Publication year - 2015
Publication title -
pediatric anesthesia
Language(s) - English
Resource type - Journals
SCImago Journal Rank - 0.704
H-Index - 82
eISSN - 1460-9592
pISSN - 1155-5645
DOI - 10.1111/pan.12633
Subject(s) - medicine , rapid sequence induction , pyloromyotomy , neuromuscular blockade , anesthesia , intubation , cricoid pressure , glottis , muscle relaxant , pulmonary aspiration , pyloric stenosis , airway , surgery , stomach , pylorus , larynx
Summary Background Infants with pyloric stenosis are considered to be at high risk of aspiration on induction of anesthesia.
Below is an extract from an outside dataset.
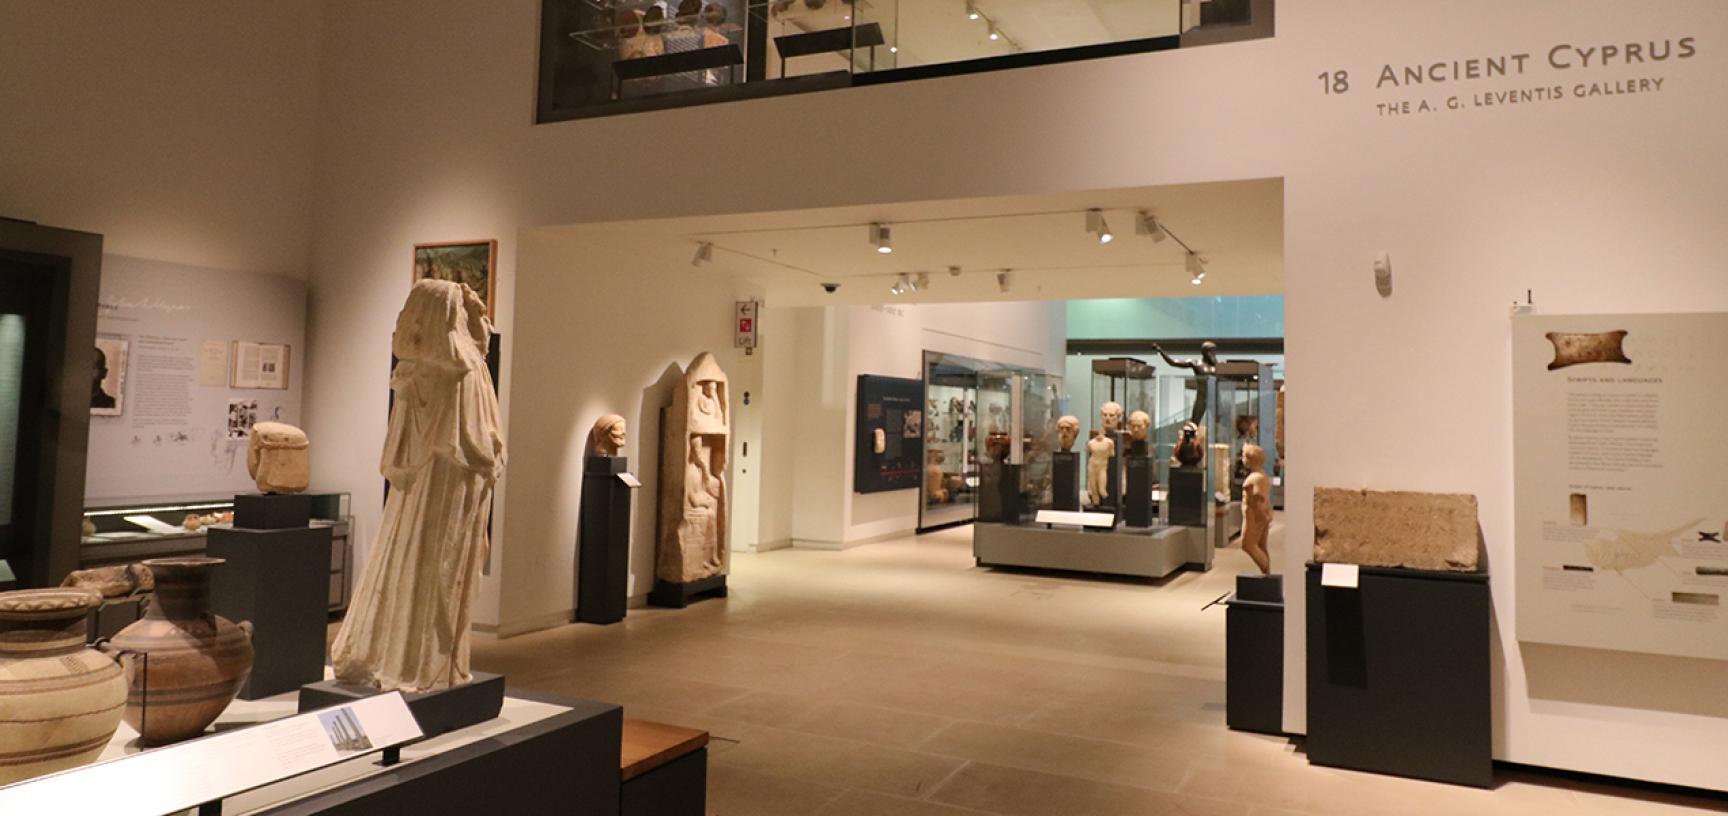  ANCIENT CYPRUS Gallery at the Ashmolean 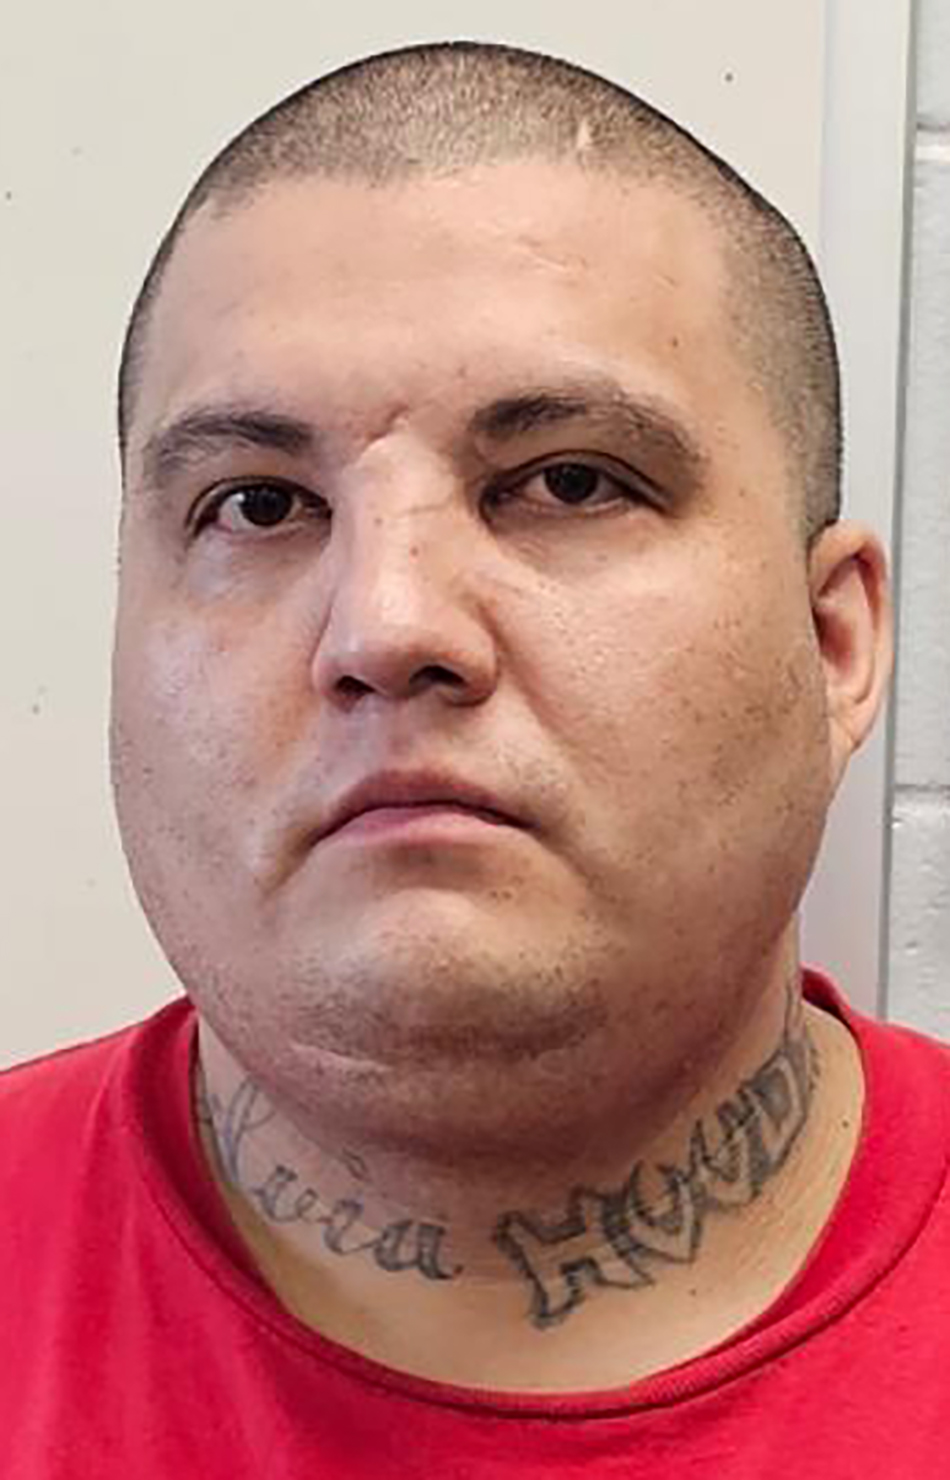 Police say 33-year-old Clay Byron Starr, also known as Chad Crate, Clayton Starr, Richard Starr, Clay Richard, and Byron Richard, is wanted for breaching conditions after he was released from federal custody on June 20.

Traditionally, texts have recommended classic rapid sequence induction ( RSI ) or awake intubation ( AI ). AI has generally fallen out of favor, while the components of RSI have become increasingly controversial. Infants are at high risk of hypoxemia if ventilation is not maintained while waiting for neuromuscular blockade to establish. The efficacy of cricoid pressure ( CP ) to prevent aspiration has not been proven. It can impair visualization of the glottis and make intubation difficult. It is debatable whether any RSI technique is needed for pyloromyotomy. A recent review of 235 infants reported no aspiration events. These children were anesthetized with a variety of techniques, including RSI , gas induction, and AI . In our institution, we teach a gaseous induction. The nasogastric tube is used to empty the stomach and anesthesia is induced with sevoflurane. A nondepolarizing muscle relaxant is administered and ventilation maintained until neuromuscular blockade is established and intubating conditions are optimal. We report our experience of this technique. Method A retrospective medical notes review of all patients undergoing pyloromyotomy between 2005 and 2012. Results There were 269 patients (84.4% male, mean weight 3.74 kg ± 0.74). Two hundred and fifty‐two (93.7%) received gas inductions and 17 (6.3%) intravenous ( IV ) inductions. Two children received an RSI . No patient‐specific factors were identified to explain operator choice in those receiving IV inductions. There were no recorded aspiration events. Conclusion Gas induction can be considered for children undergoing pyloromyotomy.